Foods containing high levels of fructose, such as processed foods and soft drinks, may damage the liver's ability to properly burn fat, warns a new study.
Fructose is a natural sugar found in many foods like fruits and honey. ... Fructose is very sweet and is often made into high fructose corn syrup, used in soft drinks and processed foods.
“The most important takeaway of this study is that high fructose in the diet is bad,” said lead study author C. Ronald Kahn, Professor of Medicine at Harvard Medical School.
"It's not bad because it's more calories, but because it has effects on liver metabolism to make it worse at burning fat. As a result, adding fructose to the diet makes the liver store more fat, and this is bad for the liver and bad for whole body metabolism," Kahn, who also serves as the Chief Academic Officer at Joslin Diabetes Center in the US, said.
Interestingly, the researchers found that equally high levels of glucose in the diet actually improved the fat-burning function of the liver.
The findings, published in the journal Cell Metabolism, suggest that high dietary fructose has more negative health impacts than glucose does, even though they have the same caloric content.
In a series of animal studies, the researchers compared effects on metabolism of six different diets -- regular chow, chow with high fructose, chow with high glucose, a high-fat diet, a high-fat diet with high fructose, and a high-fat diet with high glucose.
The researchers analysed different known markers of fatty liver to determine the effects of each diet. For example, they looked at levels of acylcarnitines in the liver’s cells.
Acylcarnitines are produced when the liver burns fats. A high levels of these are a bad sign, since it means there is a lot of fat in the liver being burned.
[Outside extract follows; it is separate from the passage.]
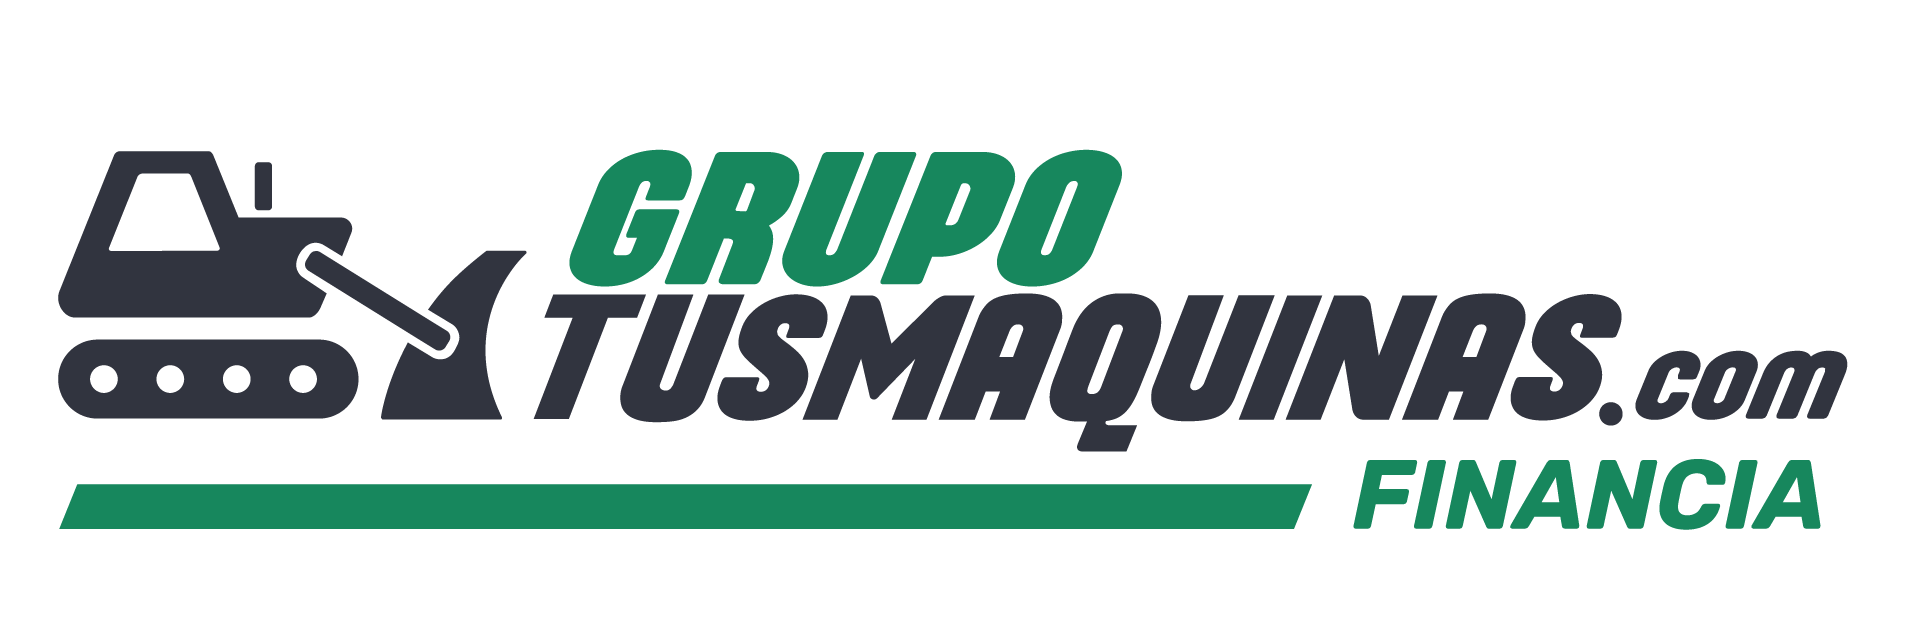 Logo ArriendaTuMaquina

Acylcarnitines were highest in the animals on the high-fat plus high fructose diet.
They were lower in the high-fat plus glucose diet than in the plain high-fat diet, which reflected previous observational findings and indicated that glucose performed an assistive fat-burning action in these animals.
They also monitored the activity of a critical enzyme for fat-burning known as CPT1a. In the case of CPT1a, the higher the levels the better - they indicate that mitochondria, the powerhouse of the cell which provides energy for cellular functions, are performing their fat-burning jobs correctly.
However, in the high-fat plus fructose diet the researchers found that levels of CPT1a are low and their activity was very low, meaning mitochondria cannot function properly.
These findings, combined with other markers they monitored, proved that both high-fat and high-fat plus fructose diets damage mitochondria and makes it easier for the liver to synthesise and store fat rather than burn it.